Pendant 17 jours, les sept chercheuses de l’Expédition Bleue ont collecté des débris qui se trouvaient sur les berges et au cœur des gyres du golfe du Saint-Laurent, ces immenses tourbillons d’eau formés d’un ensemble de courants marins.
Plus d’un quart de tonne de déchets a été prélevé dans 10 stations d’échantillonnage — sur des sites protégés par le provincial ou le fédéral — entre Sept-Îles, sur la Côte-Nord, et Havre-Aubert, aux Îles-de-la-Madeleine
Des couches et des couches de plastique
Sur le versant sud de l’Ile d’Anticosti, celui exposé vers le golfe du Saint-Laurent, il y a des couches et des couches de pollution plastique, dit Mme Asselin. C’est pourtant une zone complètement sauvage et inhabitée!»
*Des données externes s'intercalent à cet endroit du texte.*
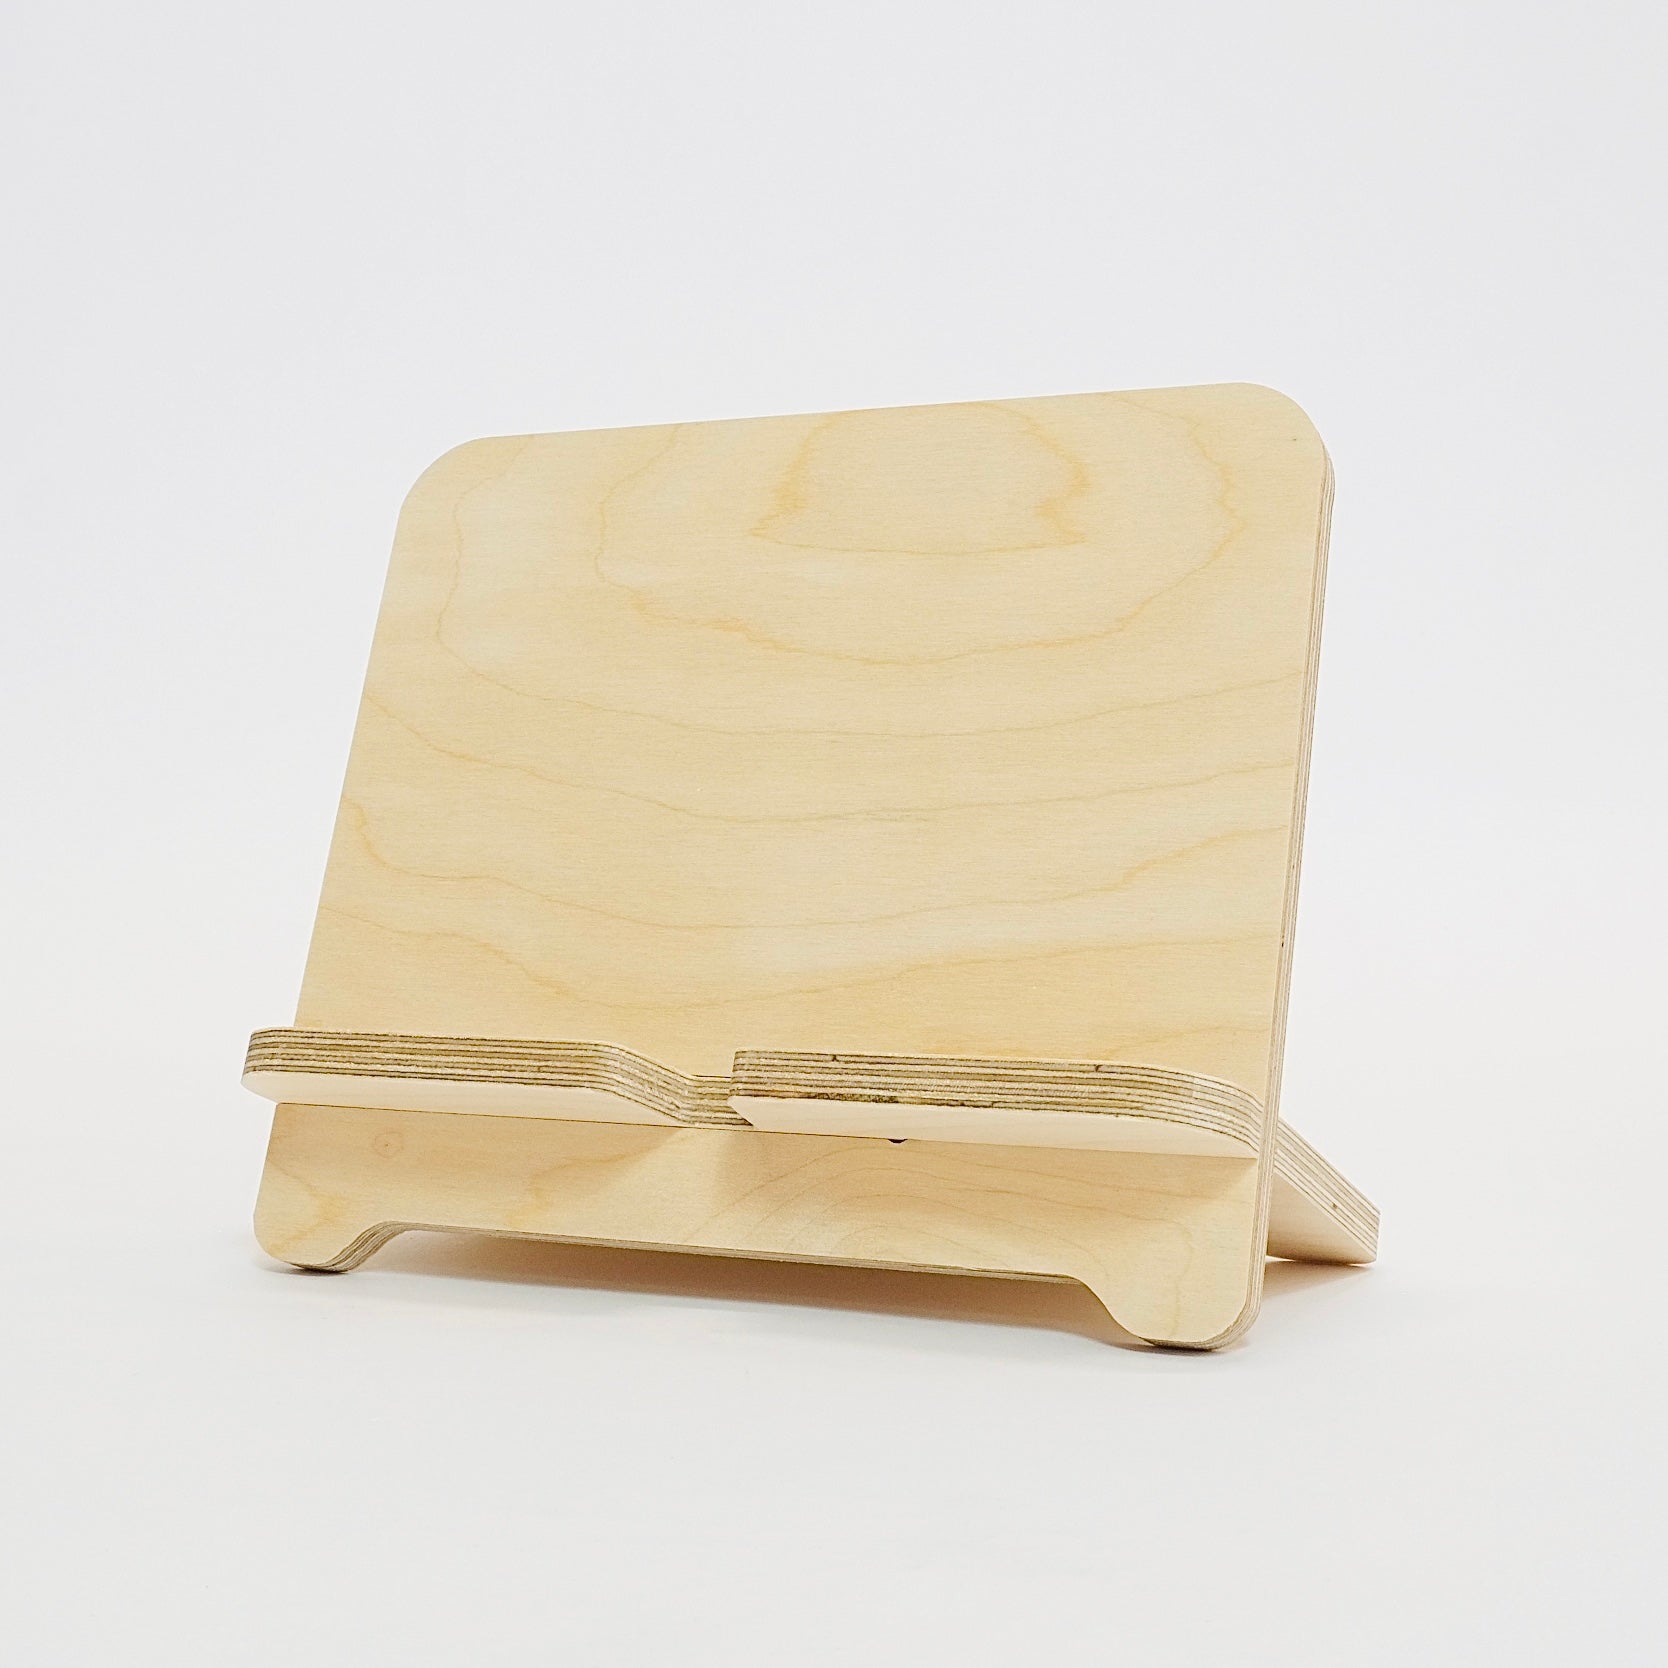 A birch plywood tablet stand, angled to the left.

«On a retrouvé des bouteilles de plastique et de shampoing sur plusieurs littoraux comme Anticosti, illustre-t-elle. Ça reflète bien la manière dont on consomme au Québec depuis les dernières décennies.»
La pêche commerciale est aussi une grande responsable de la pollution, observent les sept chercheuses de l’Expédition Bleue.
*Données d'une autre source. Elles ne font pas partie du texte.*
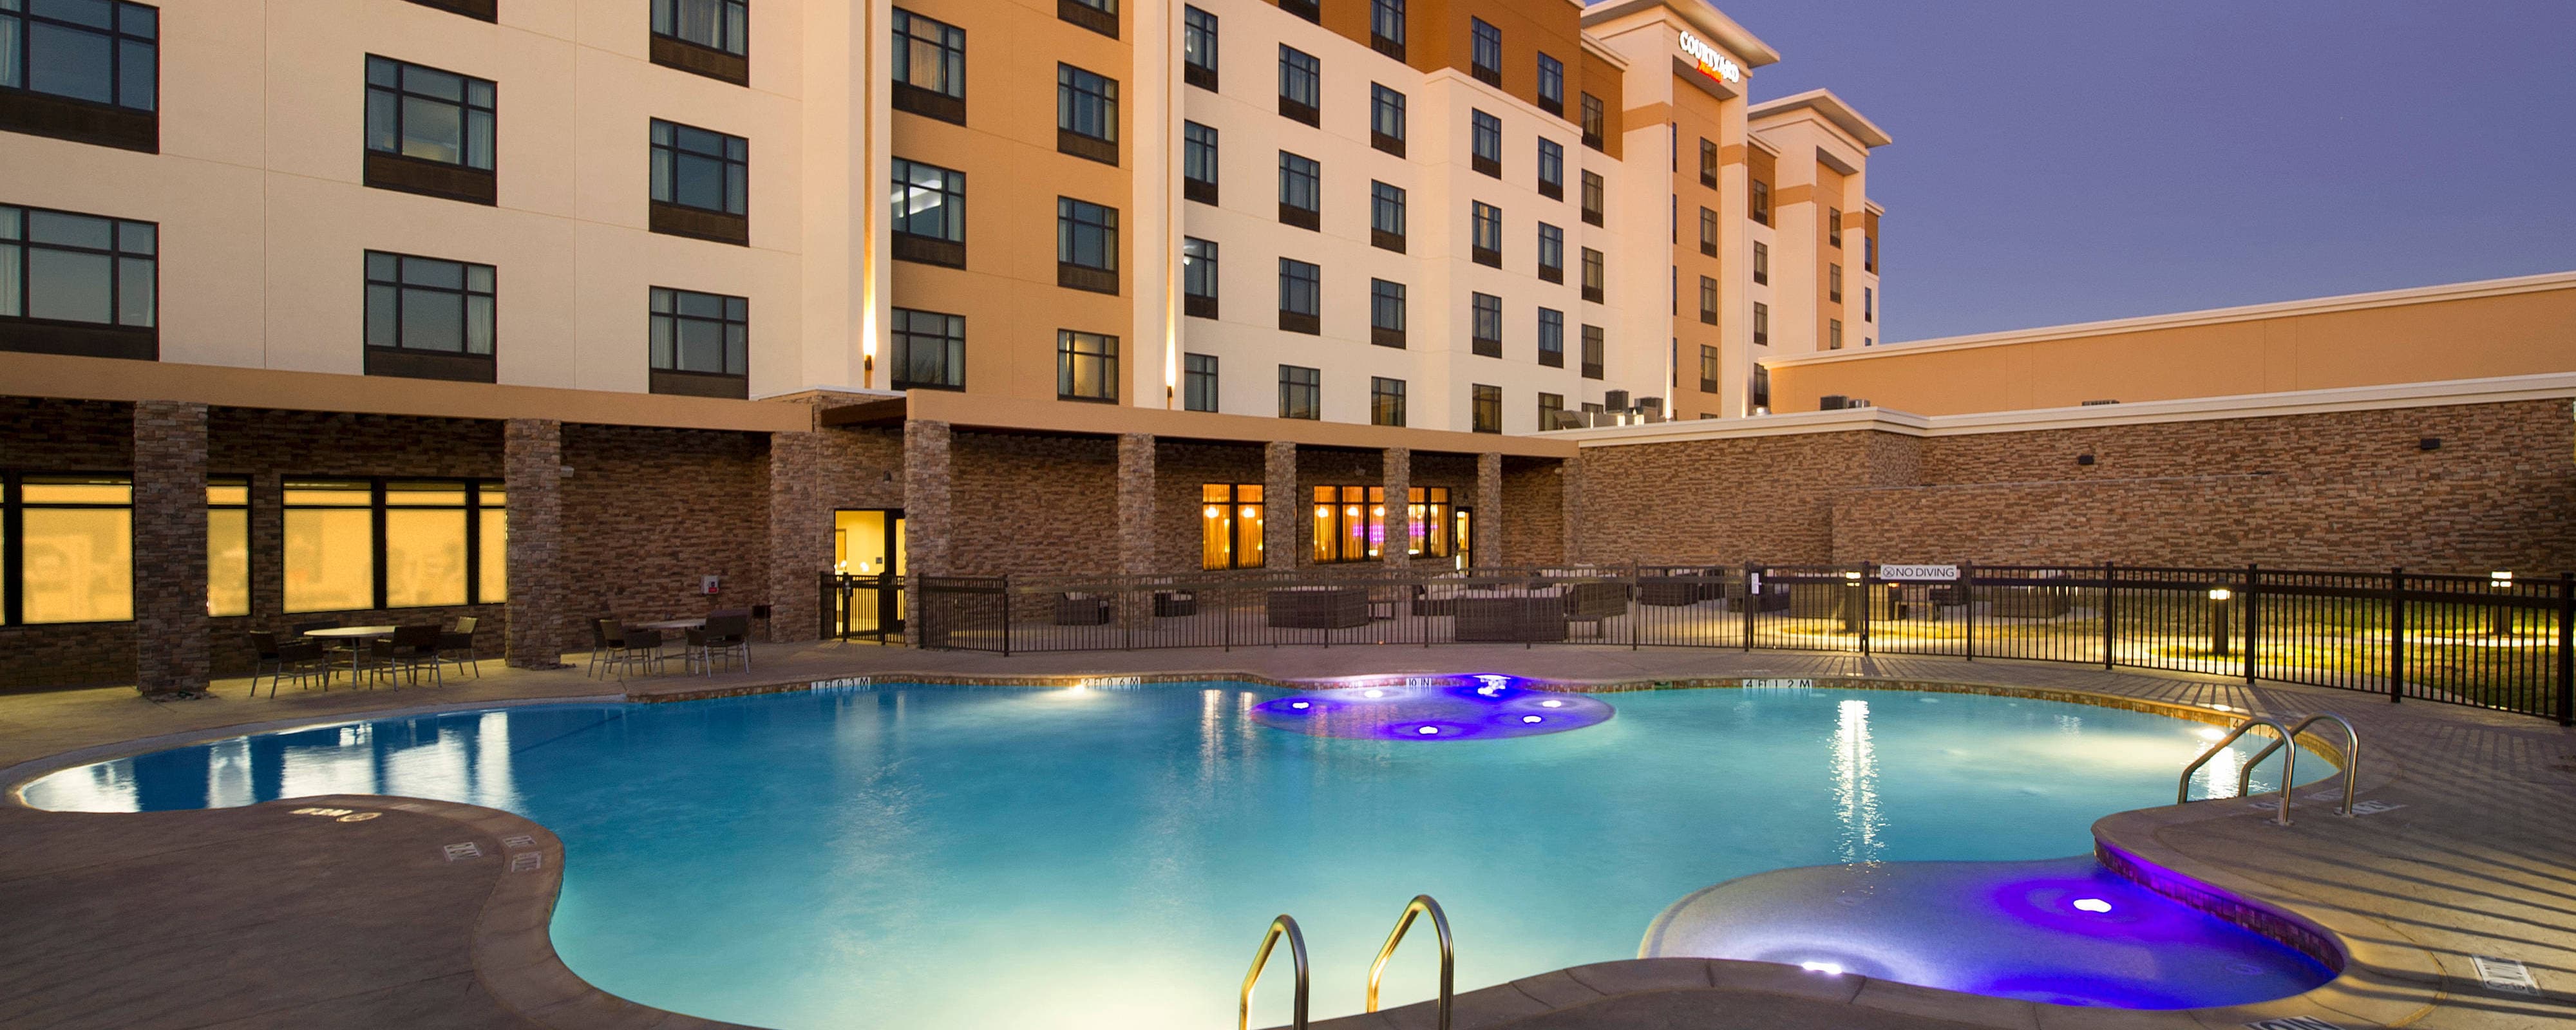 Hotels near DFW Airport with Pool TownePlace Suites Dallas DFW

«Beaucoup d’engins de pêche fantômes se retrouvent sur les berges: des cordages, des filets, des lignes. On croit qu’ils sont propulsés par les courants marins du gyre», la biologiste marine.
Il reste toujours à faire la démonstration scientifique que des sites sont plus pollués que d’autres à cause du phénomène des gyres, «mais ça ne risque pas d’être bien difficile», estime Mme Asselin.
Absence anormale de grands rorquals
L’équipage du voilier EcoMaris a aussi observé les effets de cette pollution sur la biodiversité.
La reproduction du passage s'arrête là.